After you setup the DNS, then you would point that to the Elasticache Redis failover group's URL and add multiple groups for higher availability during a failover operation.
However, you might need to setup your application to write and read from different endpoints to maximize the architecture's scalability.
Sources:
http://docs.aws.amazon.com/AmazonElastiCache/latest/UserGuide/Replication.html
http://docs.aws.amazon.com/AmazonElastiCache/latest/UserGuide/AutoFailover.html
Placing a pair of independent redis nodes behind a LB will likely not be what you want. What will happen is ELB will try to balance connections to each instance, splitting half to one and half to another. This means that commands issued by one connection may not be seen by another. It also means no data is shared.
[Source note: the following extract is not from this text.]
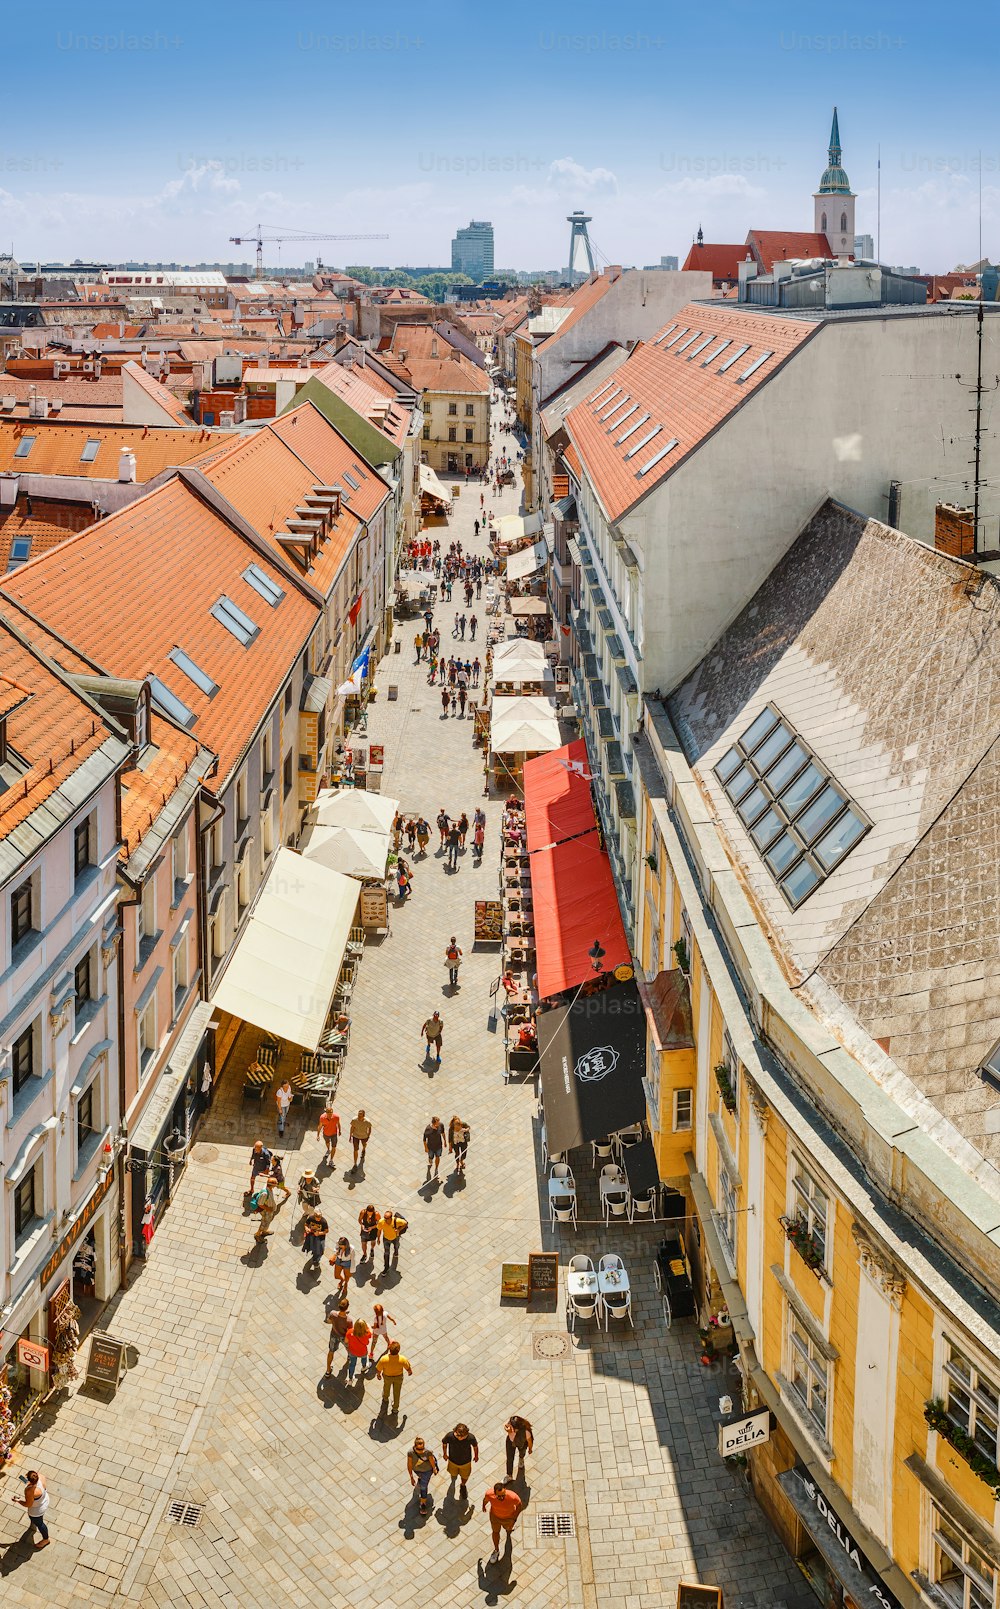 Vista panorámica de los tejados y el casco antiguo desde una altura, atracciones turísticas en el concepto de Bratislava
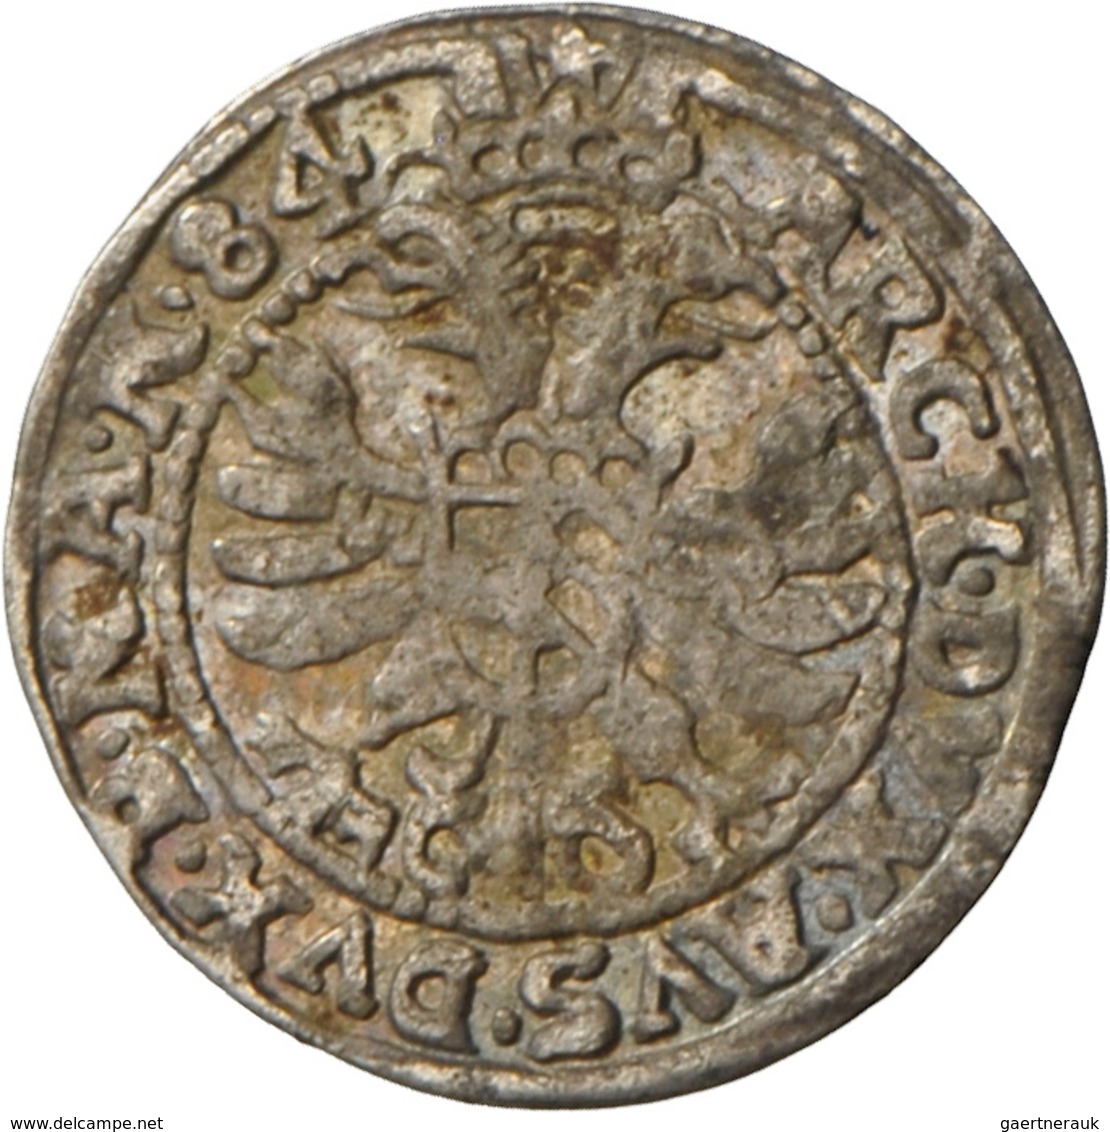 Tschechien: Böhmen, Lot 5 Münzen: Maximilian II: Weißgroschen 1576 (Prag?), Rudolf II: Weißgroschen

So client a could publish a message, and client b being subscribed to the other server won't see the message.
For PUBSUB behind ELB you have a secondary problem. ELB will close an idle connection. So if you subscribe to a channel that isn't busy your ELB will close your connection. As I recall the max you can make this is 60s, meaning if you don't publish a message every single minute your clients will be disconnected.
As to how much of a problem that is depends on your client library, and frankly in my experience most don't handle it well in that they are unaware of the need to re-subscribe upon re-establishing the connection, meaning you would have to code that yourself.
That said a sentinel + redis solution would be quite ideal if your c,isn't has proper sentinel support. In this scenario. Your client asks the sentinels for the master to talk to, and on a connection failure it repeats this process. This would handle the setup you describe, without the problems of being behind an ELB.
Assuming you are running in VPC:
did you register the EC2 instances with the ELB?
did you add the correct security group setting to the ELB (allowing inbound port 23)?
did you add an ELB listener that maps port 23 on the ELB to port 23 on the instances?
did you set sensible ELB health checks (e.g. TCP on port 23) so that ELB thinks the EC2 instances are healthy?
If the ELB thinks the servers behind it are not healthy then ELB will not send them any traffic.